Outsource the skill or learn the skill?

I’m all about learning new skills and staying across the latest news and trends in my industry. This is something that allows you to stay ahead of the game and give you a competitive edge over your competitors.

 

In a service-based industry I think that being equipped with as many skills as you can, which you can use to the benefit of your clients, is something that will make you an invaluable, and necessary part of their business.

 

While I know I can only truly be a master at one thing, I like to know how all the other pieces of the puzzle come together so I am always learning about complementary things in business that can help myself and my clients be successful.

 

How do you generate new ideas?

I often look at what other businesses are doing overseas, as often they’re the first to pick up new trends, so taking inspiration from that is a great way to help you stand out. I also find my mind wandering off with ideas when I listen to podcasts or read books.

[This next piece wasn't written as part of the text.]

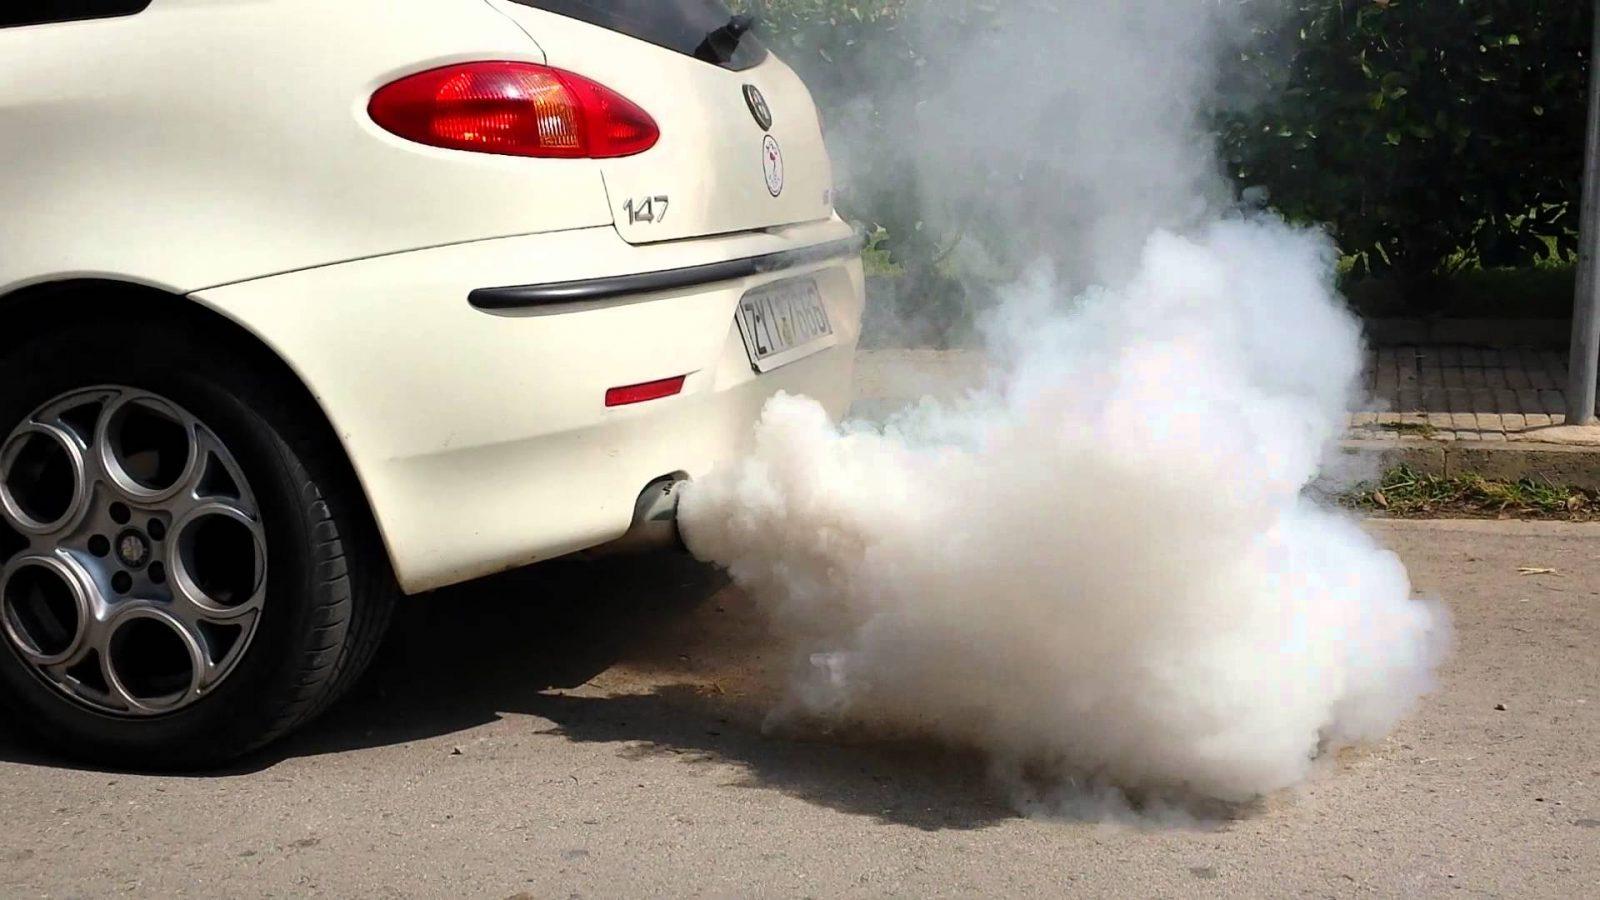 Xe nhả nhiều khói khi chạy và có mùi thường liên quan đến động cơ của xe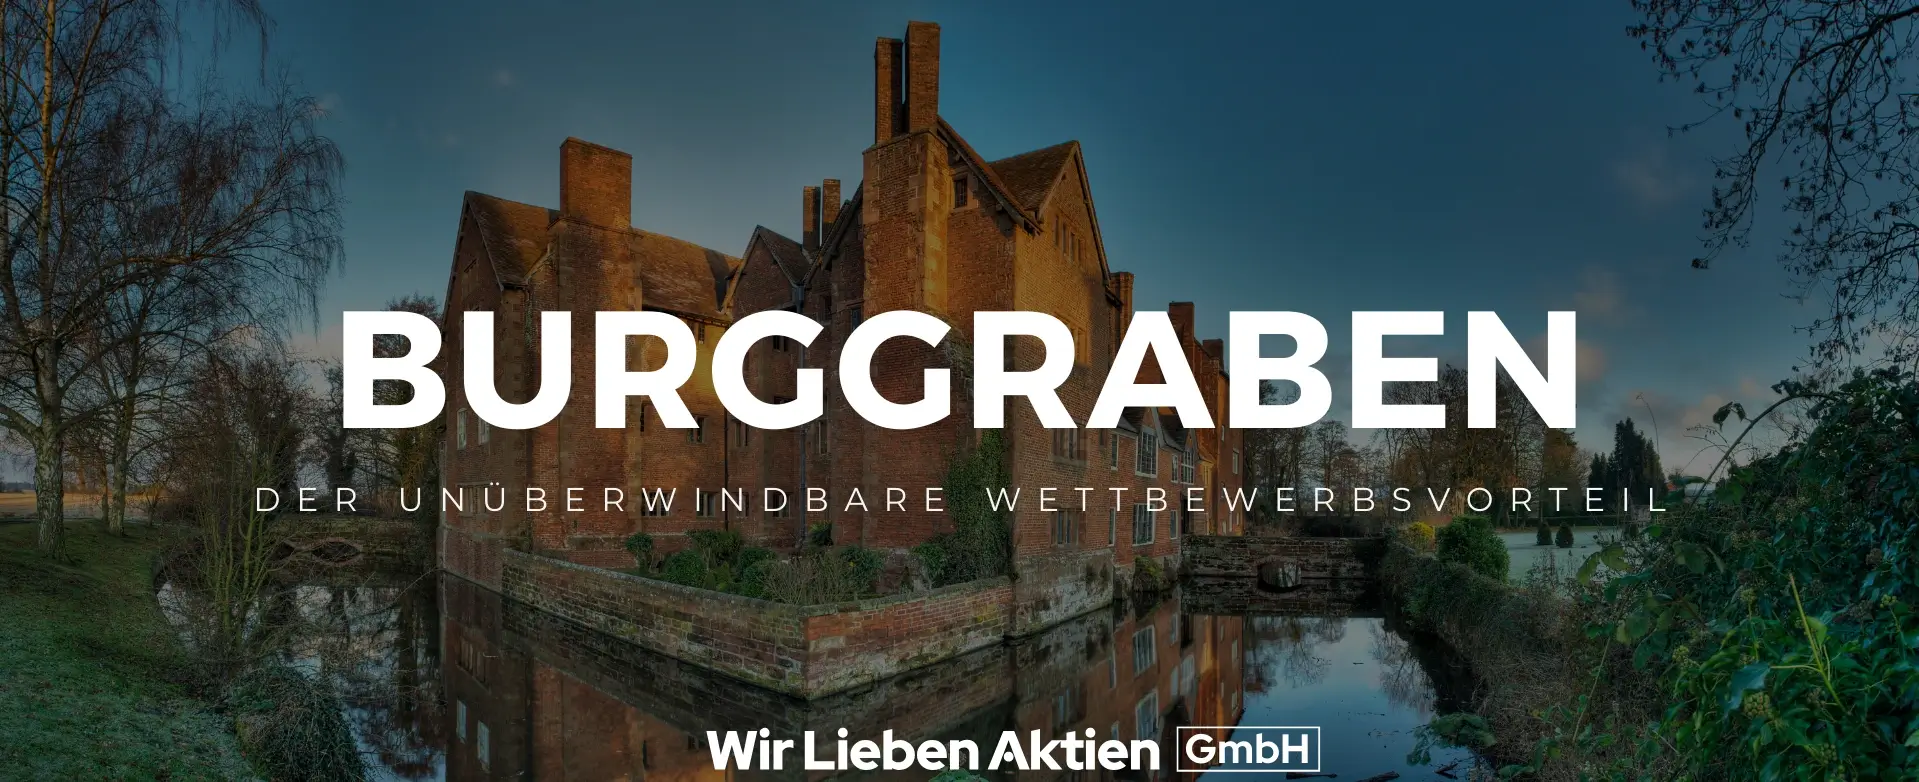 Burggraben-aktien-definition-einleitungsbild

It just opens my mind up, I always need to have a pen to write my thoughts down – so I am not one of those people who can listen to podcasts in the car or while running. I need to be able to take down my thoughts as they come.

 

Who are the people around you that allow you to thrive and give support?

I draw a lot of motivation and inspiration from my clients. I remember being asked, who do you want to work in, it’s your business, you can literally work with anyone. That made me think that I wanted to work with people who share the same passion, work ethic and values as me because in the end, these are going to be the people I spent the most time with.

 

How long do you stick with an idea before giving up?

Depends on the idea, depends on how bad I want it. I’m not a quitter but I am also aware that sometimes things are not meant to be. I guess I tune into my gut for these decisions or look for messages from the universe.

 

What keeps you going in difficult times?

Living my life so publicly, and sharing my goals with others is one thing that helps to keep me accountable – and also knowing I have clients and team members who rely on me each day to build them up and help them grow.

 

Responsibility and being committed to the service of others always tends to get me through!

 

How do you handle doubt?

By telling myself that 99% of the things I worry about never happen. I literally imagine myself using the men in black laser beam sometimes to snap myself out of these moments of doubt.

 

Do you have a business app you can’t live without?

Instagram is a business app right? HAHA in all seriousness, I would have to say it’s the HubDoc app for keeping track of all my expenses/receipts.

 

Excluding yours, what company or business do you admire the most:

There’s an entrepreneur in the US – Jessica Zweig – who I connected with over Instagram a few years ago and I ended up meeting her on a retreat in Bali in 2018. She runs a personal branding agency called Simply Be. Like Yellowpanda, the company helps to build the public profiles for thought leaders across a range of industries with a focus on authenticity.

 

At the heart of Jessica’s work is the idea that in order to build your brand you need to be vulnerable and authentic which are principles I’ve employed in my own growth and my work with clients.